Engineering Applied to Multiple Sclerosis – A Manifesto
Hi, my name is Jeff, and my wife, Effie, has multiple sclerosis. I want to state up front that this is a terrible disease that no one deserves. Most people will understand a cancer diagnosis, but MS is a life sentence of a constellation of odd things that require understanding how a faulty nervous system can just ruin a day. While there are common clusters of symptoms, it is a disabling condition in a variety of unfortunate ways. I say this because I am willing to give empathy to anyone with this condition, since no one deserves it.
That being said, I’m a hard-core, hyper-focusing jerk who sees life as a game, and I intend to win any game I try to play. I won big tech. I retired early. Now, I’m working on my wife as a project along with myself (fat guy). You may be thinking, “holy shit, what kind of abuse does this man inflict on this poor woman?” My wife is my wife because she has her own pathological issues and personality disorders, and when she got her diagnosis, she did a bunch of random things she found on the internet, like going gluten-free. She gets credit for walking through whatever crazy door I try to open for us, and she is 100% a willing participant in the crazy things we do. She is a good sport, so don’t worry about her.
I started this project as a way to lend some technical support to a support group for MS, but I’m evolving it into a place to capture all the research I’ve done and as a way to help me connect with other people suffering with MS. The key challenge I have is that my mindset does not apply to most people, and this is why this is a manifesto. I worry that if I define what it means to thrive with MS, it will be too high of a bar for most people. Now, my bar in life is too hard for people without a disabling condition, and I suffer for that bar constantly (cue the world’s smallest violin playing for the pity of an early retiree). So, what do I do? I’m going to bias towards sharing, because there will be a group of people who will rally, and the hardest aspect in life is biasing towards finding the right people rather than trying to make everyone happy.
So, I plan to share everything that we are doing from a personal perspective rather than some organizational authority perspective, since I simply can’t do that.

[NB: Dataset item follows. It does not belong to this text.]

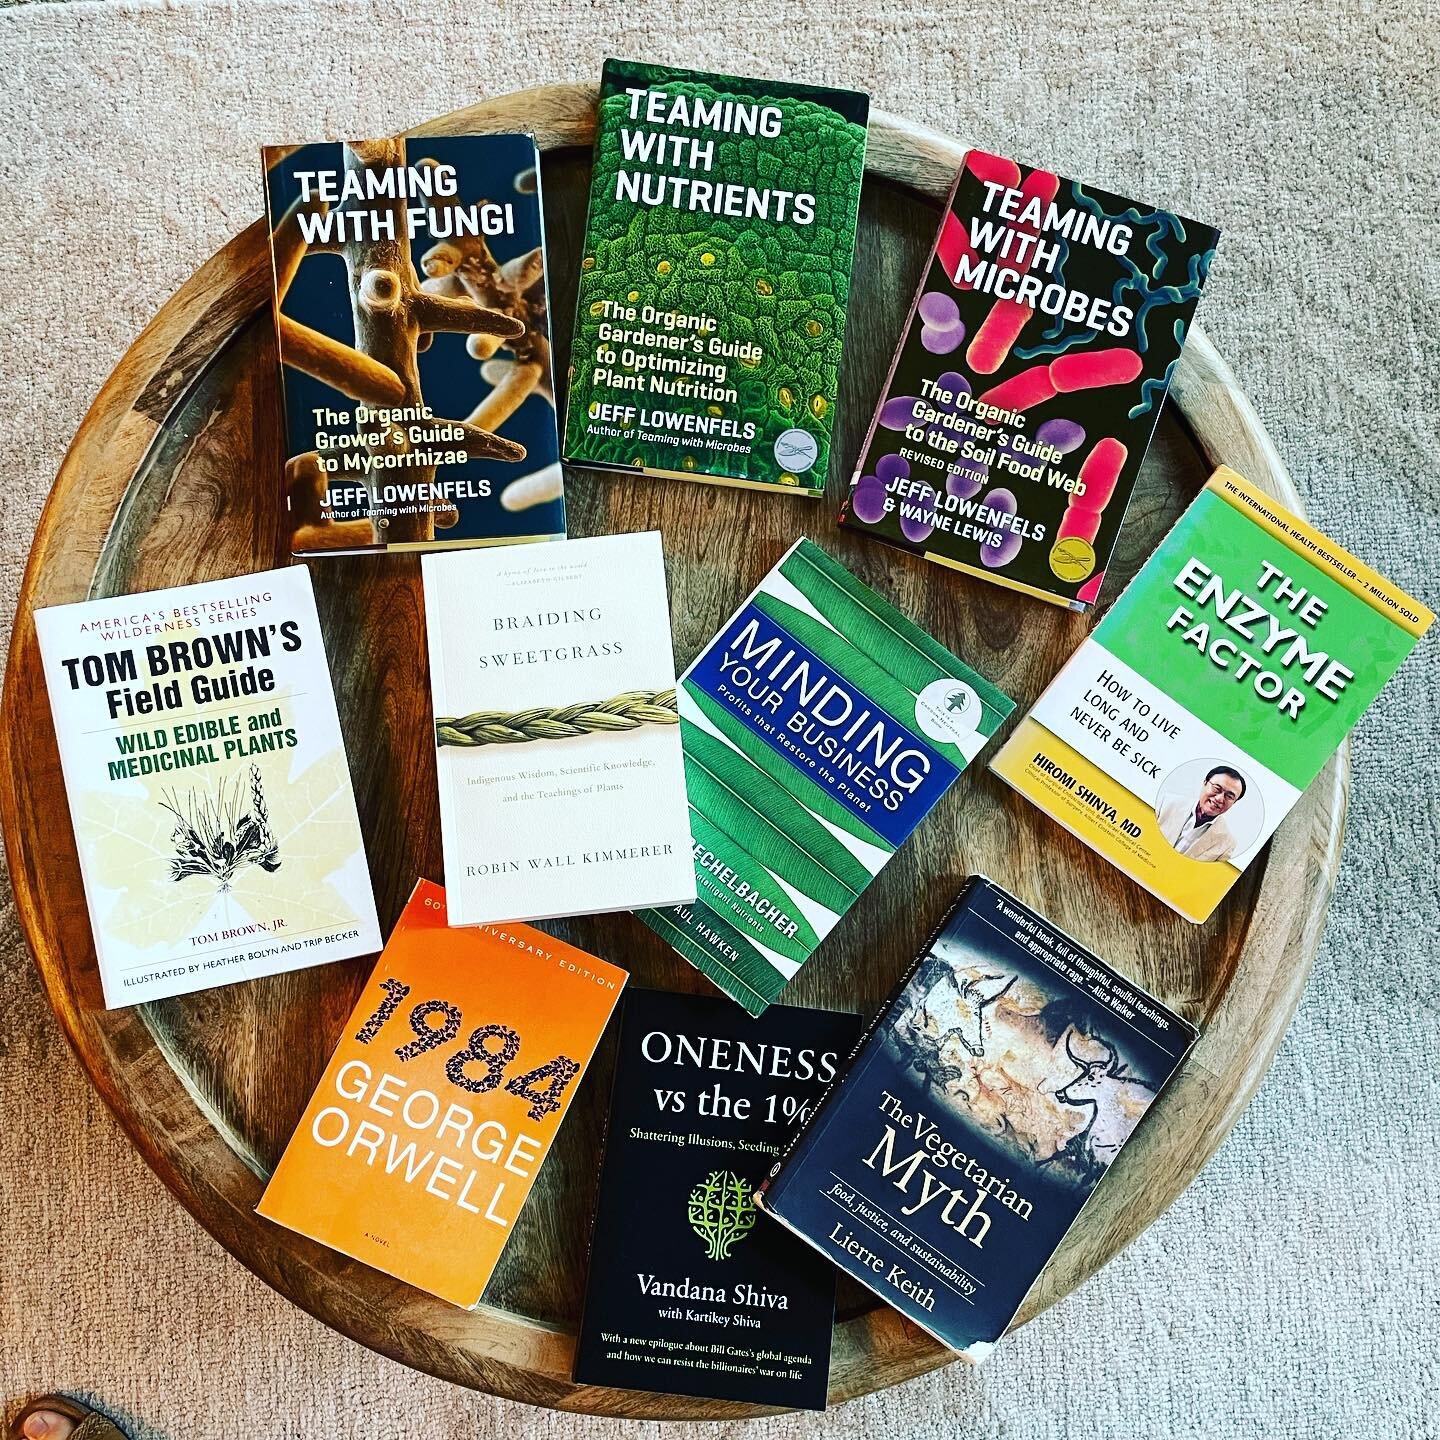 All the goodies!! #bookstagram #booklover #curiosity #educationstation #bookrecommendations #booknerd #readingrainbow #herbs #plantmedicine #herbalmedicine

If you have learned to be helpless, then our story will not be able to help you, since it is incompatible with my philosophy: I reject empathy as a virtue. Real empathy requires strategic sacrifice and action, and anything else is self-serving nonsense.
This was a revelation I had years ago, when I looked at my wife struggling and I went, “oh, poor Effie,” and I caught myself realizing I was failing her. Yes, my wife has a terrible disease that has to be managed, but she is also a human. Humans just fall apart, and the empowering thing is that you can slow down the decay in a multitude of ways. At the same time, I looked in the mirror and saw a fat piece of shit, and I realized I was failing myself as well.
This was a household without the shot caller. The voice of the tyrant was missing. The man of the house was too busy playing bullshit games. So, that became the new game: fix all the shit that was wrong, and I turned all my endeavors towards health. This meant turning my basement into a gym with a sauna, cold plunge, red light, and more. I went all out, and I’m all-in on our health.
Then, our house had a fire. I’m still rebuilding after this nonsense, but I’m still committed to excellence. I’m down 100 pounds, and the number of medications that Effie is off of is inspiring. To re-affirm that my wife isn’t a victim: as we spent a night at a friend’s house with literally only the new clothes we had just bought after losing everything, my wife told me, “we are going to get stronger after this.” My wife can be so hard-core at times that I just love it.
Now, I intend to cover many topics, but I want to emphasize that your life is entirely your own. You are an N=1 science experiment of your own. I am (generally) supportive of modern medicine, but modern medicine requires you to meet your doctors halfway with good nutrition, solid exercise, and good sleep. My approach simply isn’t right for everyone, and again, I know how hard MS is from watching my wife and watching others. The truly brutal aspect is how draining the disease is, so I can understand the urge to just give up. It is hard, but that’s the moment when most surrender, and I can’t tolerate surrender. It is incompatible with my mindset, but I also feel that this is a humbling disease. That is a thought that runs in the back of my head, but the future isn’t won by people who give up. It’s won by those who fight like hell despite failure after failure. You take shot after shot and never stop.
AND, we are entering the age of AI, and AI is going to eliminate all excuses. I am writing this manifesto personally, as a human, to remain authentic, since most of the content on this site is going to be generated by AI based on my research. I am building my own ecosystem to drive our health, but I will only share this with people I know in person who are willing to share everything with me in return (or have the technical expertise to run a Java server).
I believe the future is very bright. I see it with these machines doing amazing things, and by god, I hope everyone loses their jobs to machines so we have no excuses left to not eat right, sleep well, exercise, play board games, and enjoy doing what truly drives us. MS, as terrible as it is, is a technical problem of a complex system that we inherited without documentation. We, humans, are going to reverse engineer every biological system and solve every problem. That machine is being built, and it is a civilization bet. All of civilization is being bet, right now, on AI, so fight like hell to see the fruits unfold, or be strong enough to survive when it all comes crashing down.
The decision is ultimately in how we act every day.